German Homeschool Case Will Not Be Heard in Supreme Court

From the March 3 Supreme Court Orders List:

The motion of Alliance Defending Freedom, et al. for leave to file a brief as amici curiae is granted. The petition for a writ of certiorari is denied.

Since 2010, this case has been bounced upwards across the courtrooms in the eastern half of the United States.  The Obama administration, with Attorney General Eric Holder leading, appealed the original Memphis Immigration Court decision giving the German family political asylum in the United States.  The case was overturned and despite a petition to reconsider all the way to the Supreme Court, the Department of Justice won.

Cornell’s Legal Information Institute explaining the legal term – writs of certiorari.

A word from Law Latin, meaning “to be more fully informed.”  If an appellate court has the power to review cases at its discretion, certioari is the formal instrument by which that power gets used.  A writ of certiorari orders a lower court to deliver its record in a case so that the higher court may review it.  The U.S. Supreme Court uses certiorari to pick most of the cases that it hears.


The U.S. Supreme Court gives full consideration to but a small fraction of the cases it has authority to review. With many important categories of cases, the party seeking Supreme Court review does so by “petitioning” the Court to issue a “writ of certiorari.” (See, e.g., 28 U.S.C. §§ 125412572350.) (Note: Some state appeals courts — e.g., Ala., Ark., Colo., Conn., Fla., Ga., La., N.J. — employ the same terminology.) If the Court decides to review one or more issues in such a case it grants “certiorari” (often abbreviated as “cert.”). If the Court decides not to review the case it denies “cert.”

While a decision to deny cert. lets the lower court’s ruling stand, it does not constitute a decision by the Supreme Court on any of the legal issues raised by the case.

Many have criticized the family for seeking political asylum in the United States, rather than living in a European country more lenient to homeschooling. I suspect much of the criticism stems from HSLDA’s involvement with the case and the suspicion the homeschool community is being used to increase international business.

Campbell Robertson reported in the New York Times that HSLDA’s lack of success litigating cases in Germany determined their notion of petitioning for political asylum.

In 2006, after the European Court of Human Rights declined to hear a petition by home-schooling parents that had failed in German courts, lawyers at the association decided to add a political line of attack to the legal one, both to raise awareness of the German policies and to find some broader solution to the issue.

At a brainstorming session, one of the lawyers, Jim Mason, came up with the idea of petitioning for political asylum.

“I don’t know German law or German courts,” Mr. Mason said, “but I do know American courts.”

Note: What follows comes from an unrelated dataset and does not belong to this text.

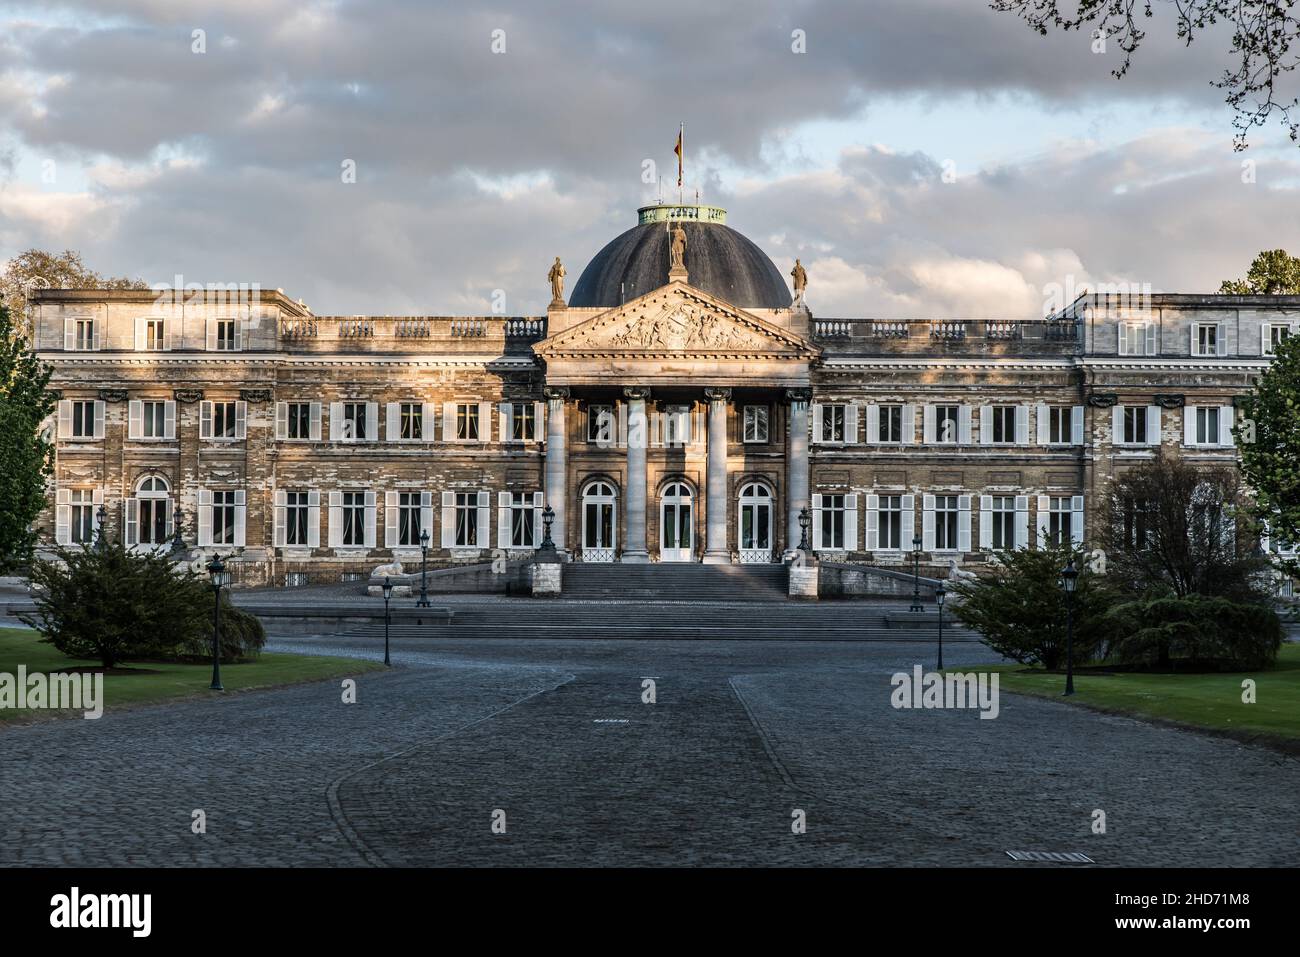 Palais royal résidentiel de la monarchie belge, Laeken, avril 2017, Bruxelles. Banque D'Images

In this case, that idea did not play out well in the long run of US courts and the current political environment.  But, for the Romeike family, another alternative is their children born in the United States would surely afford residency rights via the citizenship clause from the Fourteenth Amendment.  Deportation does not seem likely, but I am definitely not a lawyer.  

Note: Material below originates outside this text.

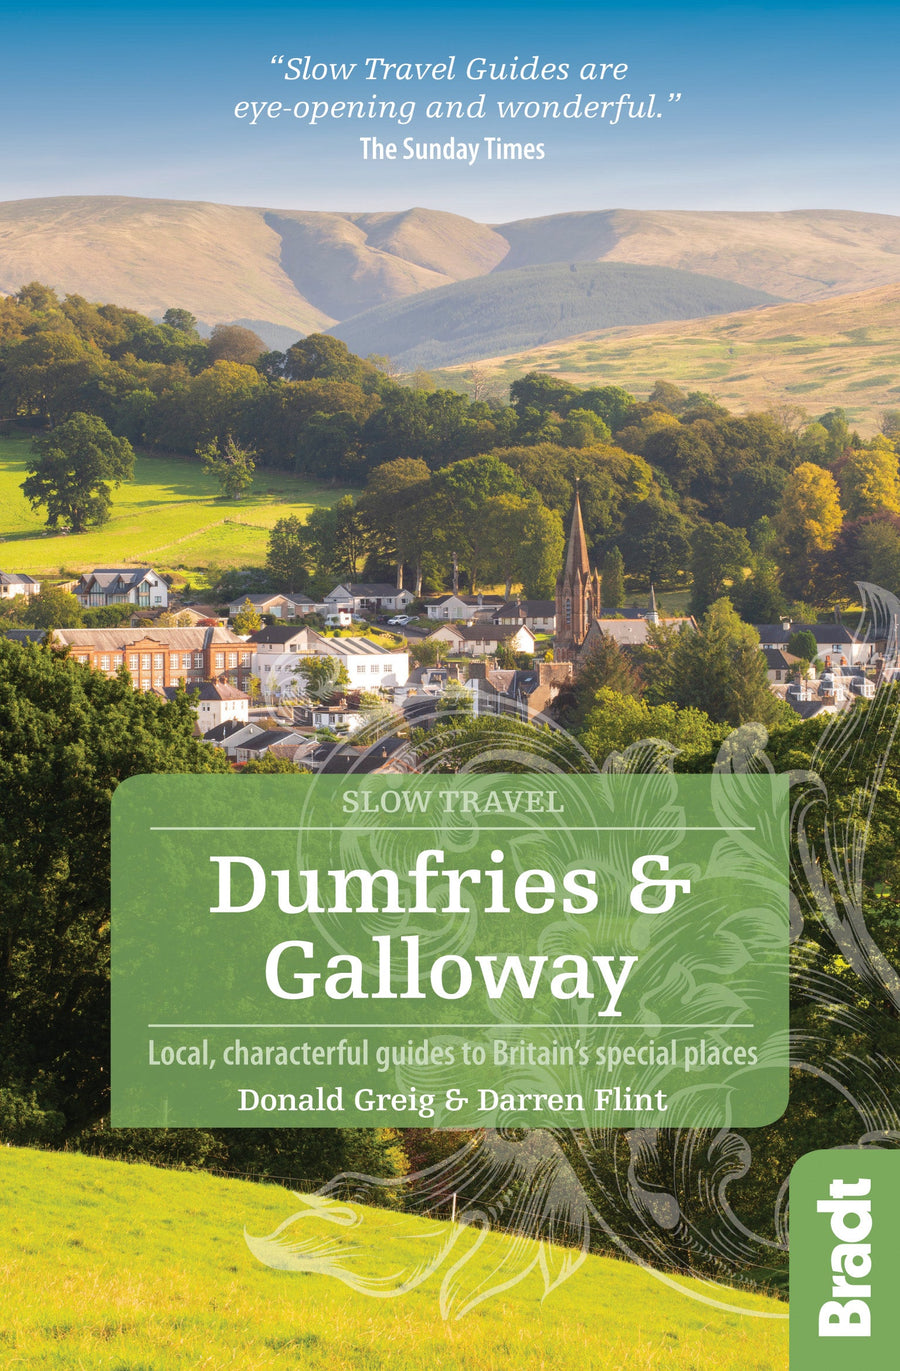 Guide de voyage (en anglais) - Dumfries & Galloway | Bradt guide de voyage Bradt

What is more alarming to me in the bigger picture is the report from The Blaze:

The HSLDA says it is already working with “supportive members of Congress to introduce legislation that could help the Romeikes and others who flee persecution.”

HSLDA has been responsible for atrocious homeschool legislation in various states and in federal legislation.  Several years back, the group tried introducing “home school” legislation in Illinois and the idea was ‘chased’ out of Springfield by homeschoolers. A small minority of our tiny, but growing homeschool minority are HSLDA members.  That fact, besides having Virginia lawyers creating legislation is troubling.

What sort of legislation could this Virginia organization create to “protect us” in this current state of political affairs?